The Reverend Frederick Valentine Melsheimer (September 25, 1749, Negenborn, Brunswick – June 30, 1814, Hanover, Pennsylvania) was a Lutheran clergyman and early American entomologist, called the "Father of American Entomology" by successor Thomas Say. He was the author of the first major entomological work in the United States: A Catalogue of Insects of Pennsylvania (1806), a sixty-page work that describes 1,363 species of beetles.

==Biography==
Melsheimer was born in Negenborn, then in the Dukedom of Brunswick. His father John Sebastian was a forest superintendent with a knowledge of plants, trees and natural history. Melsheimer studied at the university in Helmstedt from 1772 to 1776 before becoming chaplain to the Duke of Brunswick's Dragoon Regiment. With this regiment he arrived in Canada in 1776 to fight alongside British troops in the American Revolutionary War. He was taken prisoner by the American army on August 16, 1777, following their victory at the Battle of Bennington and remained in prison for fourteen months. After being released on parole, he resigned from his office of chaplain and began to preach in Lancaster County, Pennsylvania.

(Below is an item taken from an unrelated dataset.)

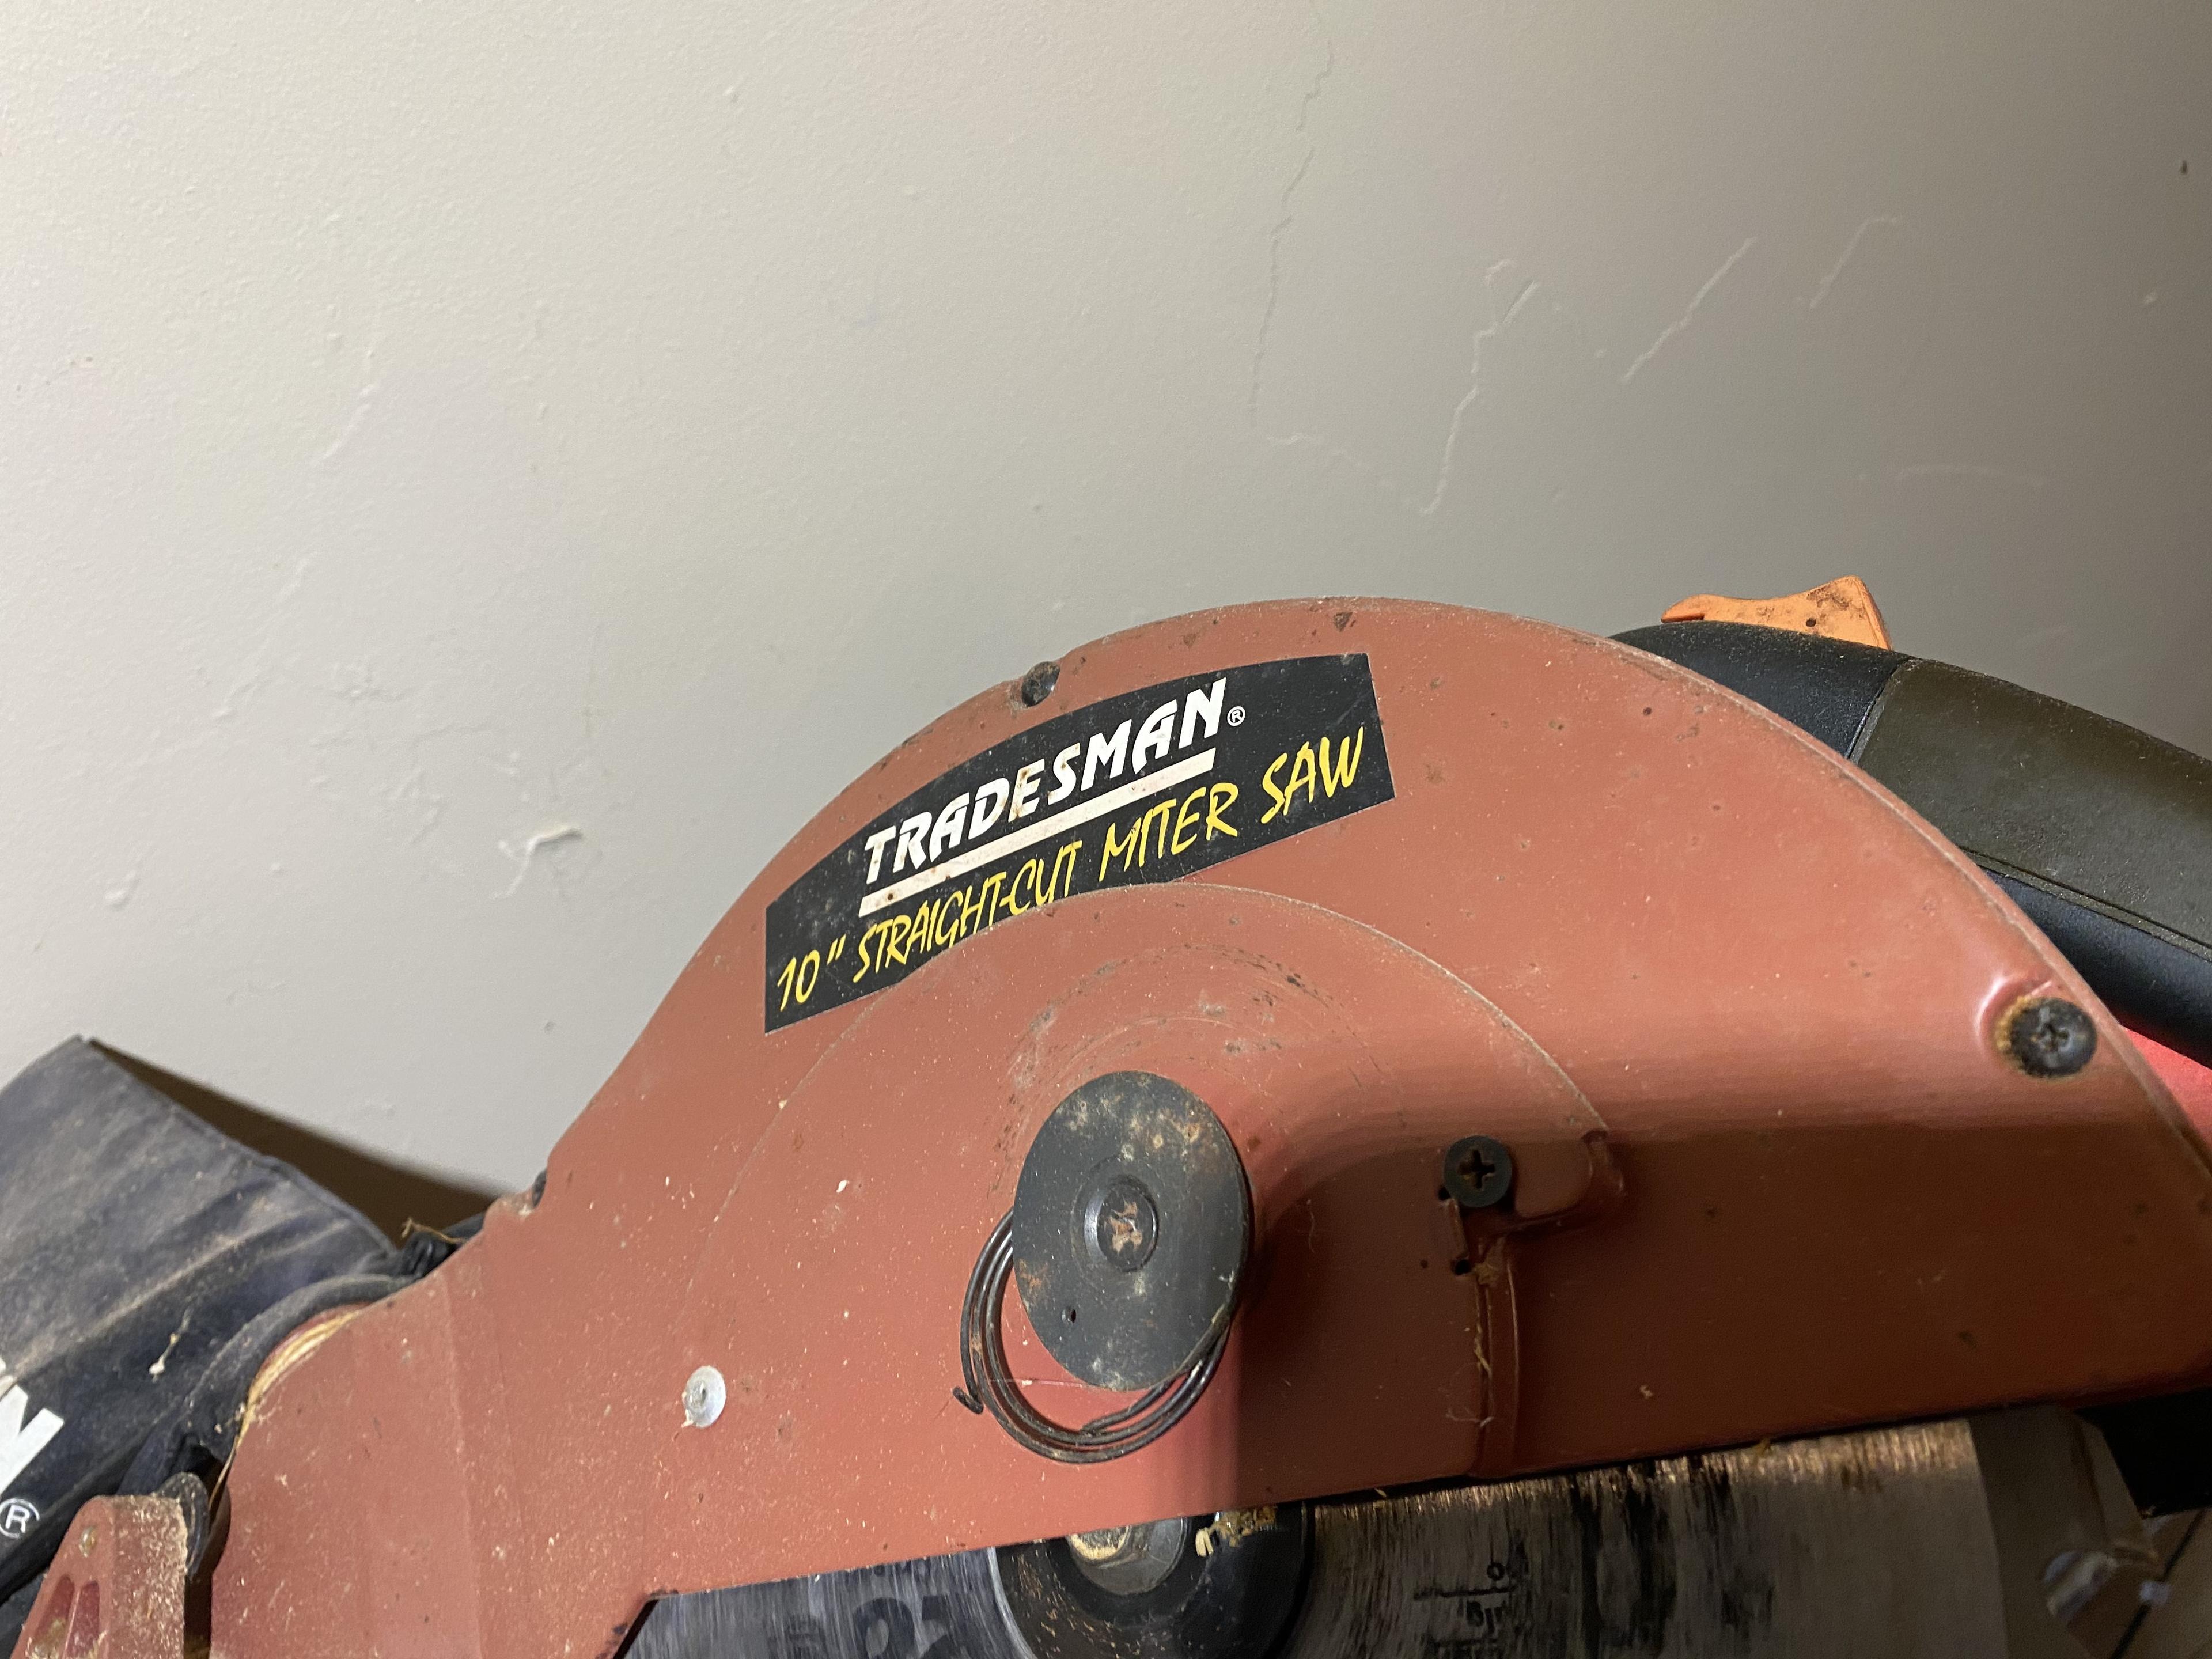 Tradesman 10" Straight Cut Miter Saw

In May 1779, he accepted a call as pastor of five Lutheran congregations in Dauphin County. He married Maria Agnes Man on June 3, 1779. In 1784, he moved to Manheim, where he was ordained to the ministry by the Lutheran ministerium of Pennsylvania in 1785, and was pastor at New Holland from 1786 until 1789. He was pastor at Hanover from 1790 until 1814. His service exerted a strong influence on the German colonists of Pennsylvania, and his entomological interests were said to "furnish some of his parishioners with mild amusement".

His insect collection, inherited and increased by his second son Frederick Ernst Melsheimer and his son's friend Daniel Ziegler, was eventually purchased by Harvard University and formed the basis for what is now the largest university-owned collection of insects in the United States. His Catalogue was intended to be a three volume work, but illness prevented publication of more than the first volume, in 1806.

Melsheimer was also interested in mineralogy and astronomy, and served as Professor of Languages at the recently founded Franklin College in 1787. He died in 1814 of lung disease. Two of his eleven children also devoted themselves to natural history: John Frederick Melsheimer (1780-1829) and Frederick Ernst Melsheimer (1782-1873).